Exactly the lines from the one with "Fluid Mechanics 101 a Skeleton Guide" to the end of the data below should be set down, and no others.

MATERIALS PROVIDED Block Start

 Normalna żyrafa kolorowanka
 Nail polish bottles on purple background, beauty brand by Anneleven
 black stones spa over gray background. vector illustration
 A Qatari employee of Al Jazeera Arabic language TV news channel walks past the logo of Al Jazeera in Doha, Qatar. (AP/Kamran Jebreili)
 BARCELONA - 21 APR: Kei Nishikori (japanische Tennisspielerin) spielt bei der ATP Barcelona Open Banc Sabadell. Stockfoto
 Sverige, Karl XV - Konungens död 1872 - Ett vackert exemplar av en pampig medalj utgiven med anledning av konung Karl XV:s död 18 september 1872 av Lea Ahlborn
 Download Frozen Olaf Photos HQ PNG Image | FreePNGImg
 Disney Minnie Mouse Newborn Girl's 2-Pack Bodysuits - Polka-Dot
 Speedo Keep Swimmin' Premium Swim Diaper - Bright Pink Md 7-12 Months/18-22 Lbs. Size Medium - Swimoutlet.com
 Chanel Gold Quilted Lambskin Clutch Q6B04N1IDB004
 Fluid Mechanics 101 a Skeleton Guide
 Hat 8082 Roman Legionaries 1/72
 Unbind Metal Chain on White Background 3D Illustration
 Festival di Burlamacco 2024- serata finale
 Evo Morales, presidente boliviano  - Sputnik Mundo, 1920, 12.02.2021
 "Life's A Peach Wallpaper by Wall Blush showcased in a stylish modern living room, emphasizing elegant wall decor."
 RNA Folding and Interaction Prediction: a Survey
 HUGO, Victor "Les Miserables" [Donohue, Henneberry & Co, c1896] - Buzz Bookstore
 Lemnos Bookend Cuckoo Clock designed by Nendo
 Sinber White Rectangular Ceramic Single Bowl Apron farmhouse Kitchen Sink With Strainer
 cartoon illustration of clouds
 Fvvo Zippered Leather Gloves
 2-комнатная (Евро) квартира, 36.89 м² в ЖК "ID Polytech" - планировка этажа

MATERIALS PROVIDED Block End

YOUR SOLUTION
 Fluid Mechanics 101 a Skeleton Guide
 Hat 8082 Roman Legionaries 1/72
 Unbind Metal Chain on White Background 3D Illustration
 Festival di Burlamacco 2024- serata finale
 Evo Morales, presidente boliviano  - Sputnik Mundo, 1920, 12.02.2021
 "Life's A Peach Wallpaper by Wall Blush showcased in a stylish modern living room, emphasizing elegant wall decor."
 RNA Folding and Interaction Prediction: a Survey
 HUGO, Victor "Les Miserables" [Donohue, Henneberry & Co, c1896] - Buzz Bookstore
 Lemnos Bookend Cuckoo Clock designed by Nendo
 Sinber White Rectangular Ceramic Single Bowl Apron farmhouse Kitchen Sink With Strainer
 cartoon illustration of clouds
 Fvvo Zippered Leather Gloves
 2-комнатная (Евро) квартира, 36.89 м² в ЖК "ID Polytech" - планировка этажа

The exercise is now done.